Bloom-filters are probabilistic data-structures that are used to answer the question: “is X a member of set S?” It is possible to receive a false positive, but impossible to receive a false negative (in other words, if the bloom filter contains a value, it will never erroneously report that it does not contain such a value). The accuracy of the bloom-filter and the likelihood of a false positive can be reduced by increasing the size of the bloomfilter. The default size is 64KB (or 524,288 bits).

Rather than instantiate this class directly, use Database.bloom_filter().

__contains__(data)

Check if an item has been added to the bloomfilter.

Parameters:data (bytes) – a bytestring representing the item to check.
Returns:a boolean indicating whether or not the item is present in the bloomfilter. False-positives are possible, but a negative return value is definitive.
add(data)

Add an item to the bloomfilter.

Parameters:data (bytes) – a bytestring representing the item to add.
contains(data)

Check if an item has been added to the bloomfilter.

Parameters:data (bytes) – a bytestring representing the item to check.
Returns:a boolean indicating whether or not the item is present in the bloomfilter. False-positives are possible, but a negative return value is definitive.

High-level APIs

class walrus.Autocomplete(database, namespace='walrus', cache_timeout=600, stopwords_file='stopwords.txt', use_json=True)
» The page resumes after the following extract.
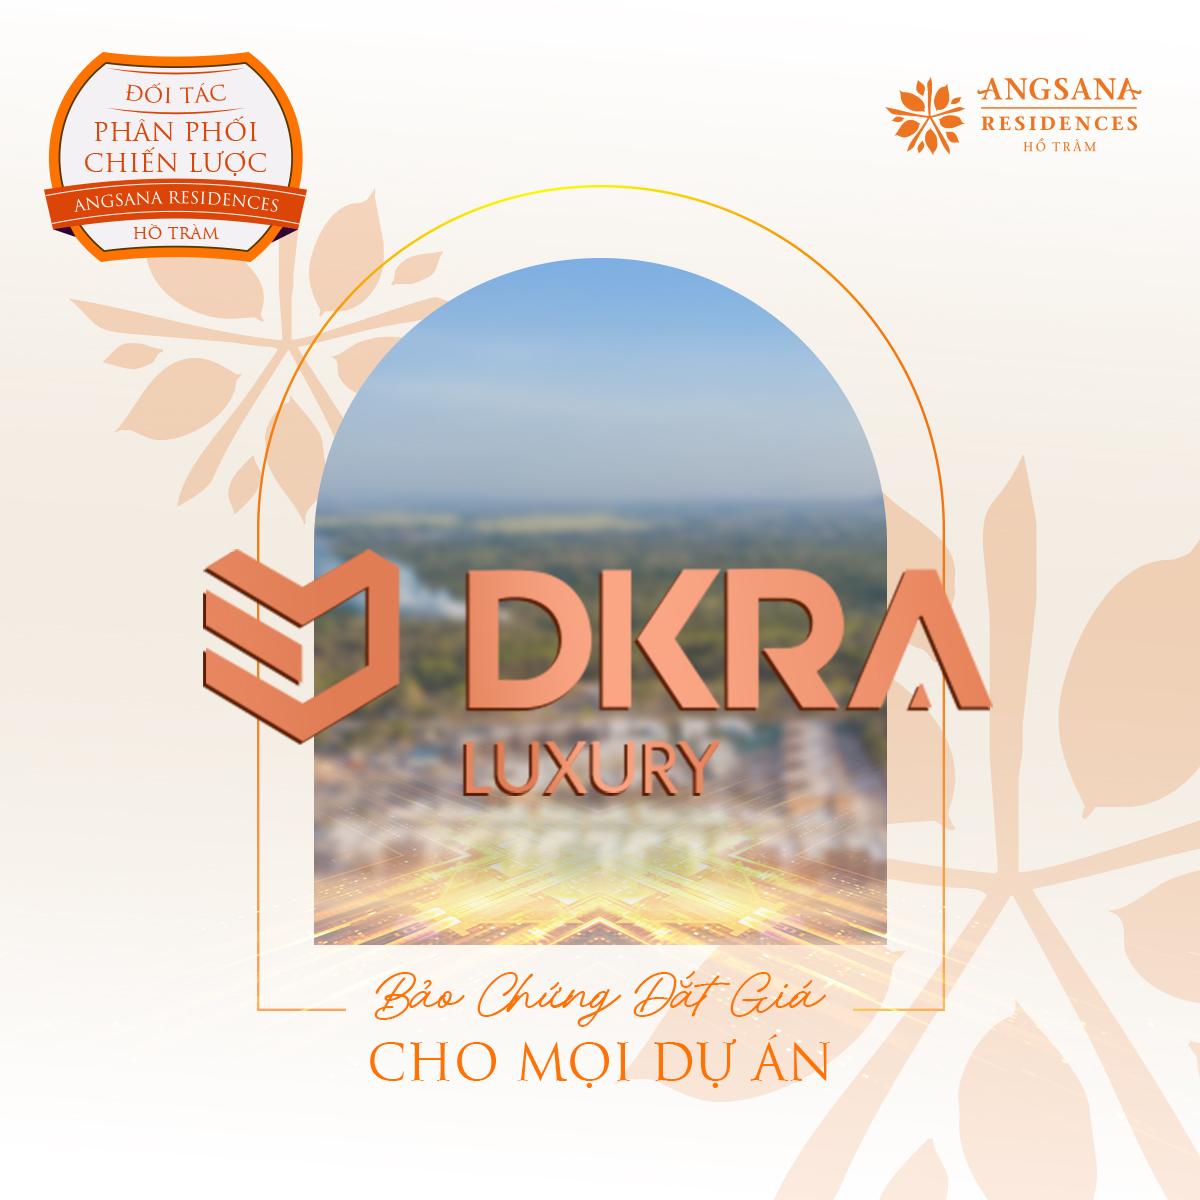 DKRA Luxury - Đối tác phân phối chiến lược Angsana Residences Hồ Tràm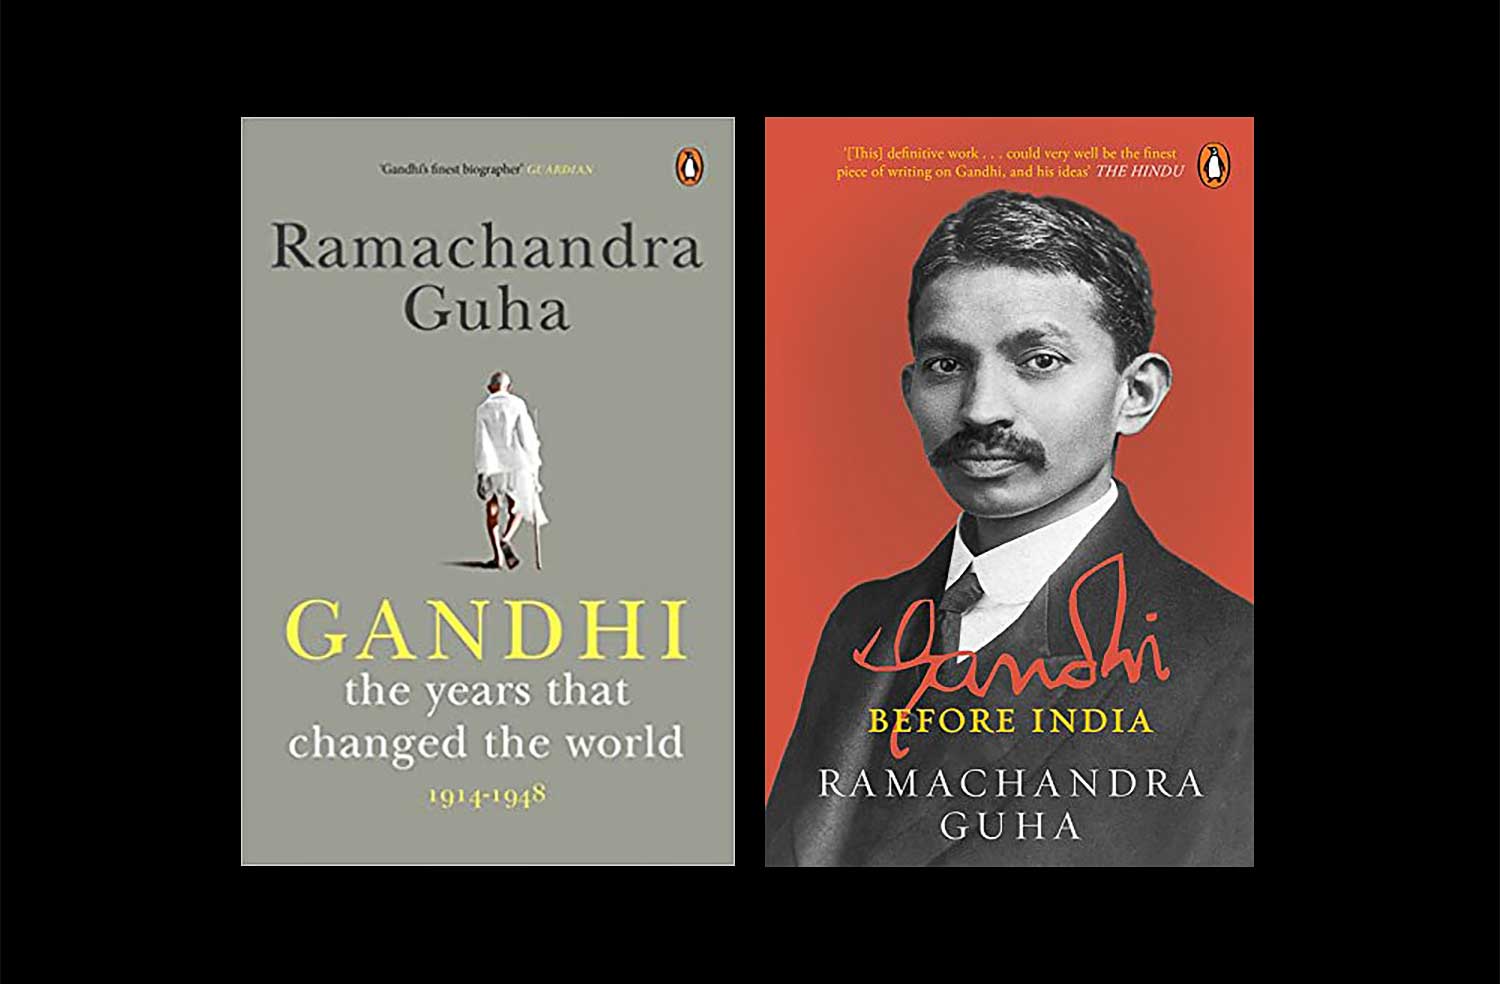 Ramachandra Guha’s Gandhi

Autocompletion for ascii-encoded string data. Titles are stored, along with any corollary data in Redis. Substrings of the title are stored in sorted sets using a unique scoring algorithm. The scoring algorithm aims to return results in a sensible order, by looking at the entire title and the position of the matched substring within the title.

Additionally, the autocomplete object supports boosting search results by object ID or object type.

__init__(database, namespace='walrus', cache_timeout=600, stopwords_file='stopwords.txt', use_json=True)
Parameters:
  • database – A Database instance.
  • namespace – Namespace to prefix keys used to store metadata.
  • cache_timeout – Complex searches using boosts will be cached. Specify the amount of time these results are cached for.
  • stopwords_file – Filename containing newline-separated stopwords. Set to None to disable stopwords filtering.
  • use_json (bool) – Whether object data should be serialized as JSON.
boost_object(obj_id=None, obj_type=None, multiplier=1.1, relative=True)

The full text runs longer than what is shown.